Her decision means that Councilman Angel Ortiz, the resolution's sponsor and chairman of the committee, can now schedule hearings. Earlier, a majority of Council's 16 members had expressed support for hearings.

Ortiz said the sessions likely would take place early next month.

"It's wonderful," said Barbara Burgos DiTullio, president of the state chapter of the National Organization for Women. "It will help the women of the city to feel more confident that something is happening."

Timoney, who took over the department in the spring of 1998, inherited problems and is "trying to put something right that's been askew," she said.

"I hope [police] take this as a positive thing, that this can help them get the resources that they need to do their job," DiTullio said.

Susan Frietsche, an attorney with the nonprofit Women's Law Project, which lobbied Ortiz for hearings, said: "The challenge is to find a solution that lasts. This is not the first time in the city's history that women have had problems being taken seriously when they report these appalling crimes."

Carole Johnson, executive director of Women Organized Against Rape, urged that hearings be held as soon as possible.

In articles published Oct. 17 and 18, The Inquirer reported that the rape squad, established in 1981, dumped thousands of sexual-assault complaints - nearly a third of its caseload - into a bureaucratic catchall known as Code 2701, "investigation of person."

Cases buried in that fashion got little or no investigation, The Inquirer found. The practice was never released to the victims or the public.

Ortiz's resolution cites the newspaper's findings in detail.

The resolution calls on Council to look into the unit's practice of putting sexual-assault complaints in noncriminal classifications, such as "investigation of person," where the complaints do not appear in the city's crime tally.

It also calls for examining why the Police Department last year dismissed 18 percent of all rape complaints as "unfounded" - groundless. That rejection rate was the highest among the nation's 10 largest cities.

The resolution says the hearings also will consider whether the Special Victims Unit's headquarters should be moved from its current location, on the grounds of the old Frankford Arsenal. Victims and their advocates have complained that the site is remote and the unit's offices are dingy and forbidding.

The resolution says the hearings should include testimony from the Police Department, the FBI, "and other criminal-justice system experts, advocacy groups and citizens on how these crimes should be handled in the city of Philadelphia."

In its early years, the rape squad operated with two-member investigative teams, but police say its staffing was continually cut.

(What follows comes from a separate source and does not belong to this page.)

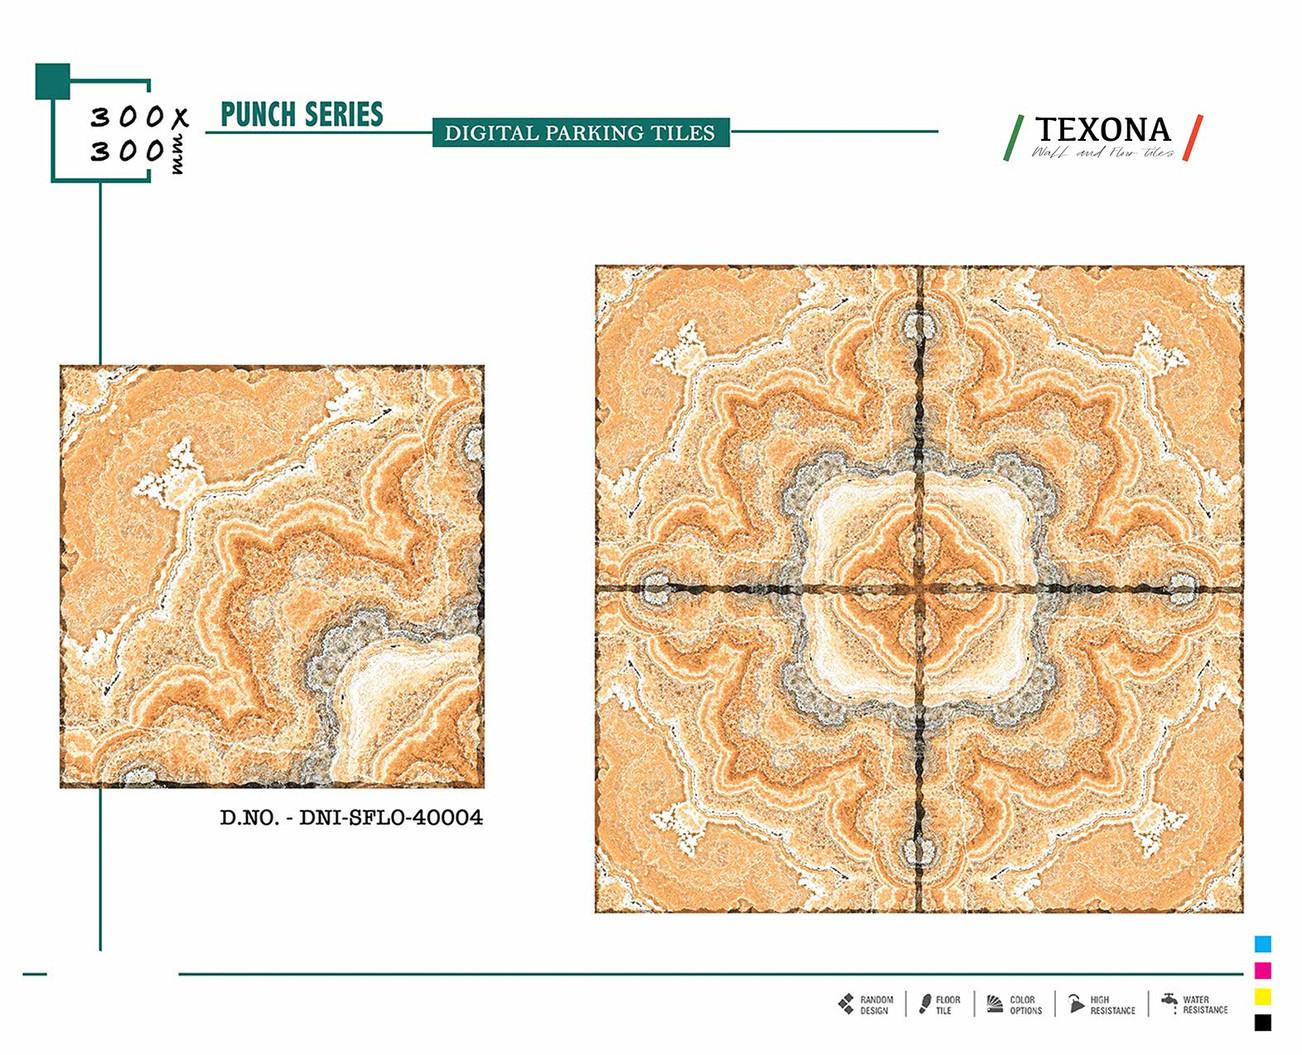 12X12 PARKING VOL.2_Page_09_Image_0001.j

In recent years, the squad's caseload has boomed - from 3,500 cases in 1997 to a projected 5,000 this year.

While Timoney added nine detectives to the unit for the first time a year ago - bringing its total staff to about 70 - its investigators say they are still heavily burdened.

Earlier this year, a sergeant in the unit, James Offner, told a group of WOAR volunteers: "We don't have the resources to investigate to the level that we would like."

On occasion, he said, an investigator might suspect a child had been sexually abused but could not persuade the youngster to open up in an initial interview. The investigator would have little or no time to follow up.

"We put down that, 'The child made no statement,' and move on," Offner said. "Because the line is long. We have to go on."

A week ago, Timoney met with women's advocates and promised, among other things, an extensive review of sexual-assault complaints that may have been buried by investigators.

He said yesterday that the review was still under way and that he could not yet quantify how many cases might have been classified improperly.

Referring to the mix of personnel in the unit, Timoney said: "The long-term objective is to have veteran detective investigators in there."

When the unit was created, it was staffed solely with patrol officers, who are paid less than detectives.

In an interview earlier this year, Timoney said: "Bringing seasoned detectives into the sex-crimes squad would elevate it. . . . In a police environment, whether you like it or not . . . detectives are viewed as the cat's meow."

There are about 800 detectives citywide.


Inquirer staff writers Michael Matza and Craig R. McCoy contributed to this report.